During the course of the State’s case in chief, the defendant made an oral motion to suppress the evidence which the officers had found and seized upon entering the apartment. The officers who entered the apartment did so after obtaining a search warrant. They were accompanied by a security guard for the apartment complex *797who had a key to the apartment. They found a screen door locked, and one of the officers jerked it open. Apparently, the inside door was then entered by the guard, and the officers announced that they were police officers as they entered. Defendant maintained that the police conduct violated the Illinois “knock and announce” rule. (See People v. Ouellette (1979), 78 Ill. 2d 511, 401 N.E.2d 507; People v. Boykin (1978), 65 111. App. 3d 738, 382 N.E.2d 1369; People v. Rogers (1978), 59 Ill. App. 3d 396, 375 N.E.2d 1009.) The trial court summarily denied the motion as being untimely.

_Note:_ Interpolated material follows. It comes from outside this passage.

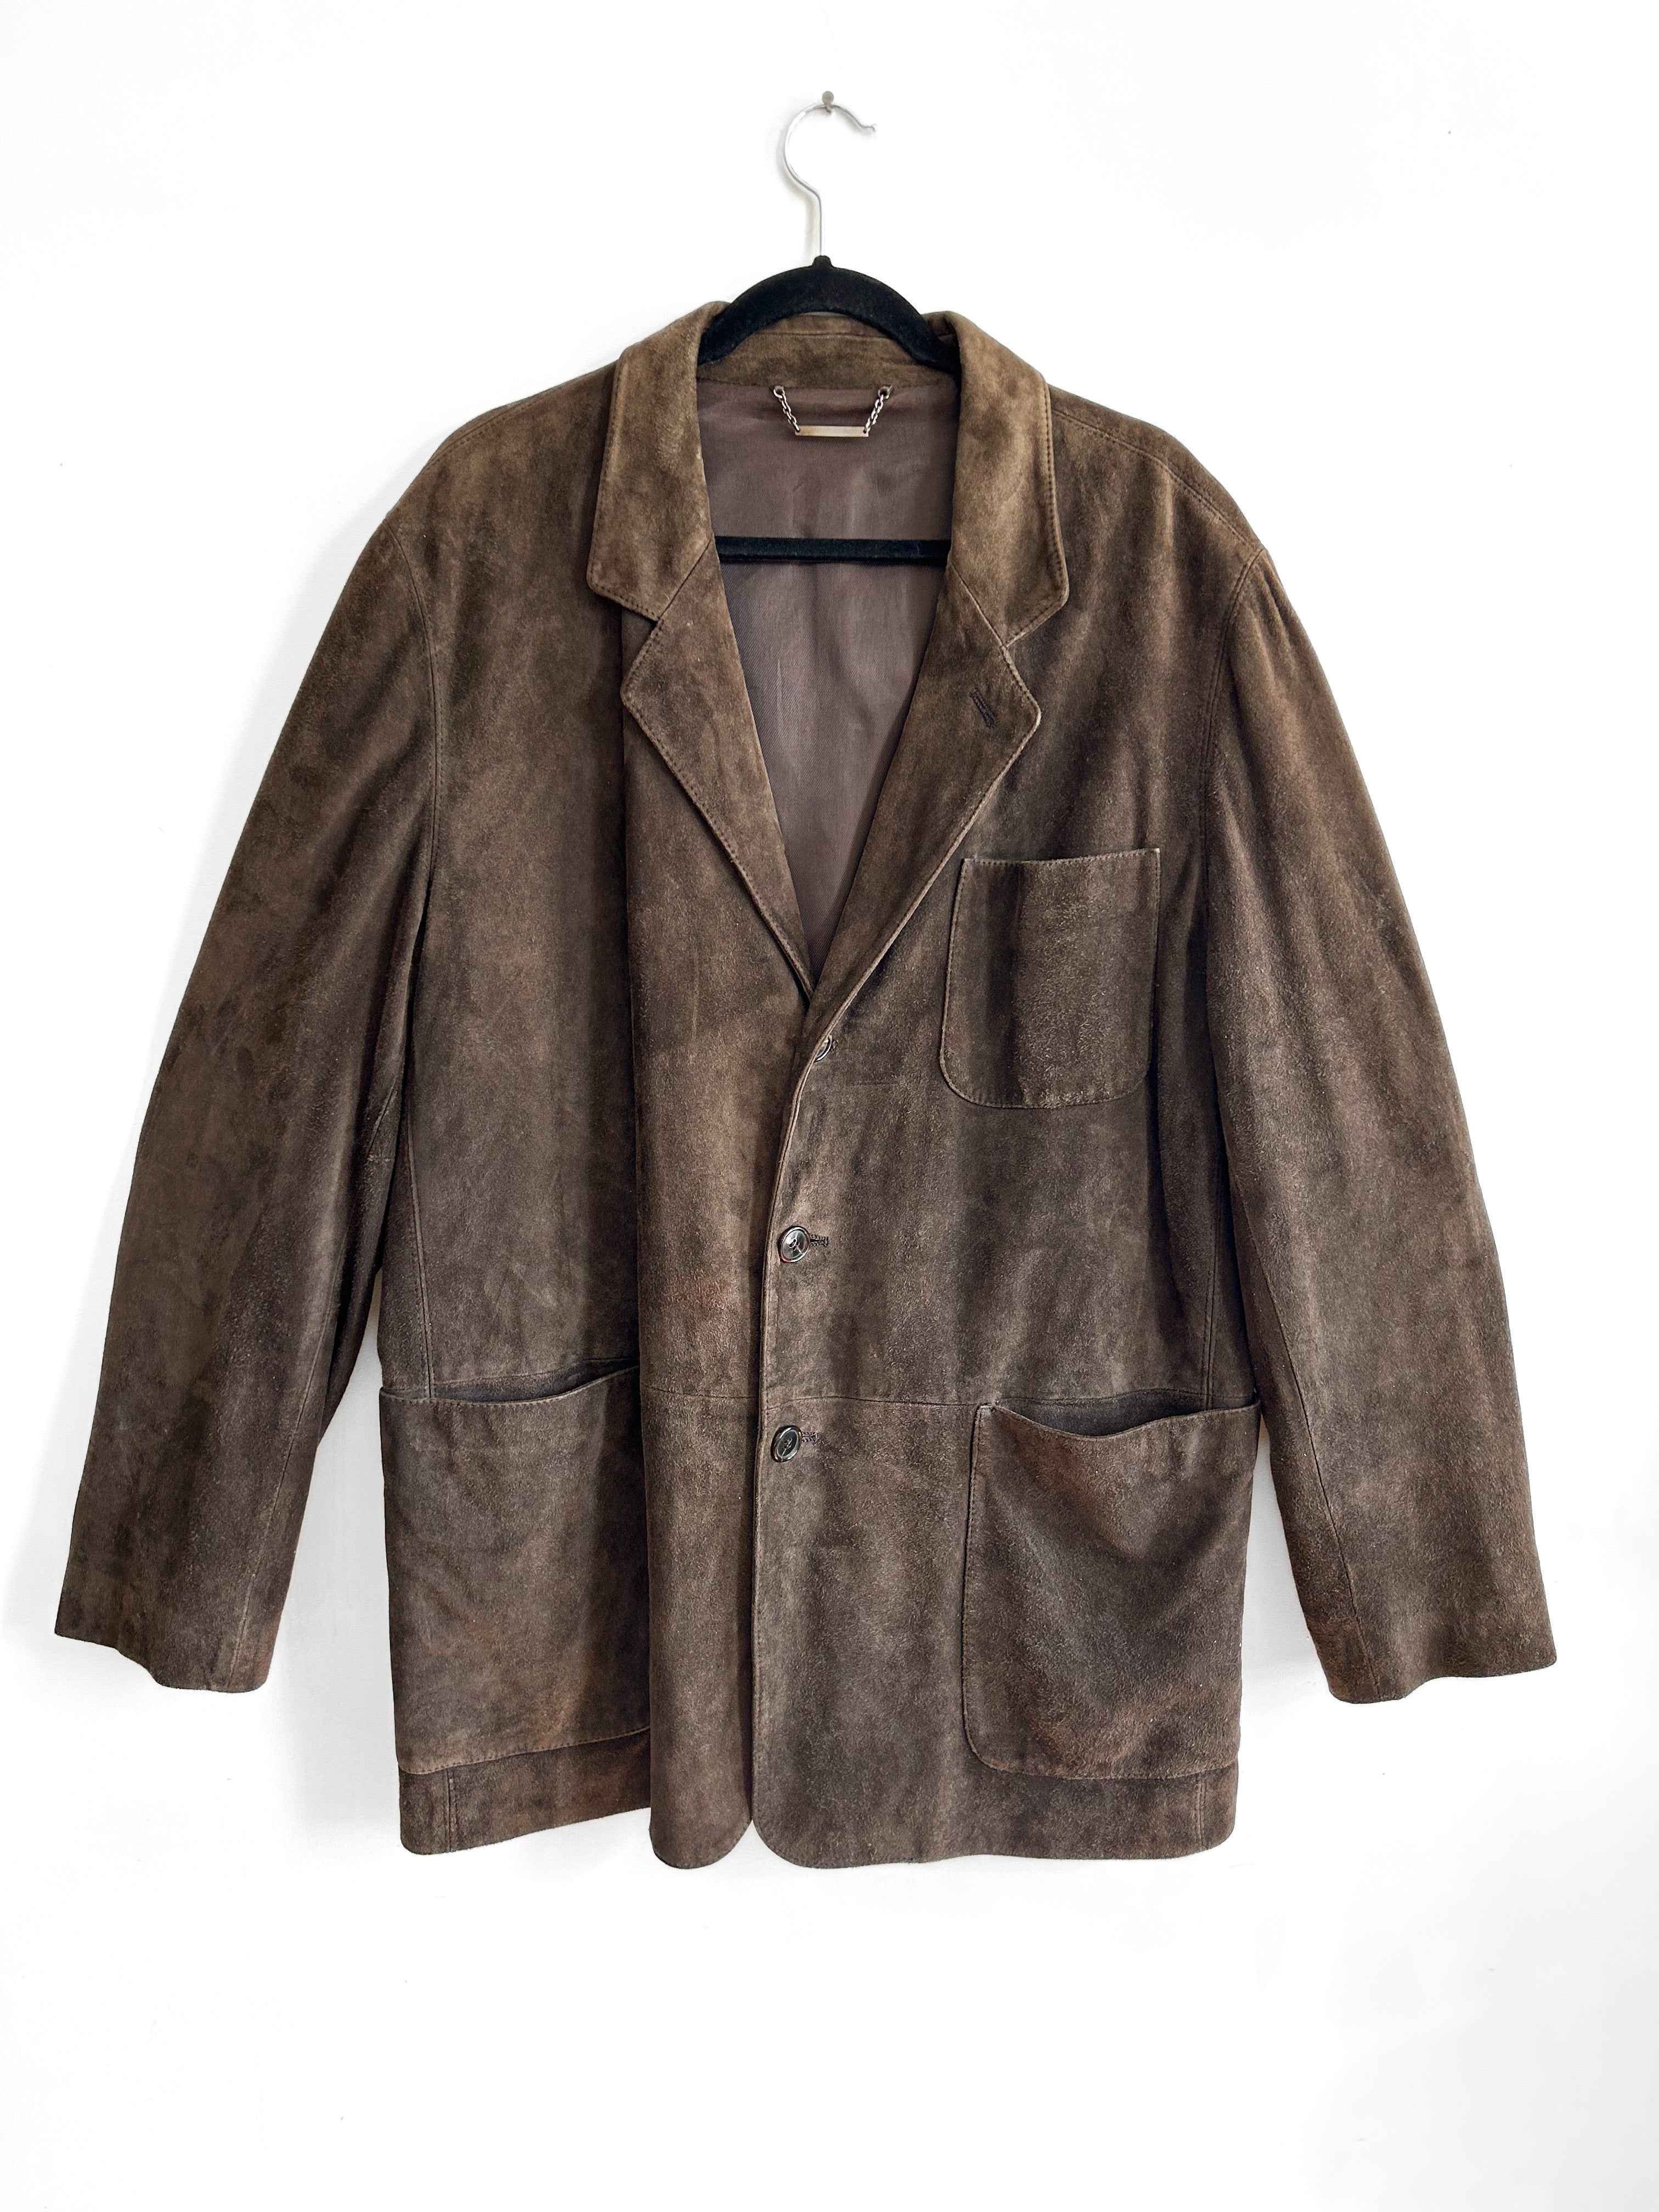 Brown Suede Leather Blazer Jacket, Made in Italy

Section 114 — 12(2) of the Code of Criminal Procedure of 1963 (Ill. Rev. Stat. 1983, eh. 38, par. 114 — 12(2)) requires that a motion to suppress evidence on the grounds that its seizure was illegal be in writing, and that it shall be made before trial “unless opportunity therefor did not exist or the defendant was not aware of the grounds.” Here, the defendant was present at the time of the entry and would have been aware of whether the officers knocked and announced their presence before entering. Moreover, the complete statement of the occurrence whereby the officers entered the apartment was contained in discovery given to the defense in the form of the statement of Officer V. Bond appearing in volume I at page 30 of the common law record on appeal. We need not discuss the questions of (1) exigent circumstance which might have justified an entry otherwise illegal for a failure of officers to knock and announce their entry (People v. Boykin (1978), 65 Ill. App. 3d 738, 382 N.E.2d 1369); (2) his expectation of privacy; or (3) his standing to complain of the seizure. No showing was made that the failure to make a timely written motion was justified or that fundamental fairness required the trial court to hear the motion to suppress. (People v. Foster (1979), 76 Ill. 2d 365, 392 N.E.2d 6.) The trial court properly refused to hear the motion.

The judgments appealed are affirmed.

Affirmed.

McCULLOUGH, Ed., and SPITZ, J., concur.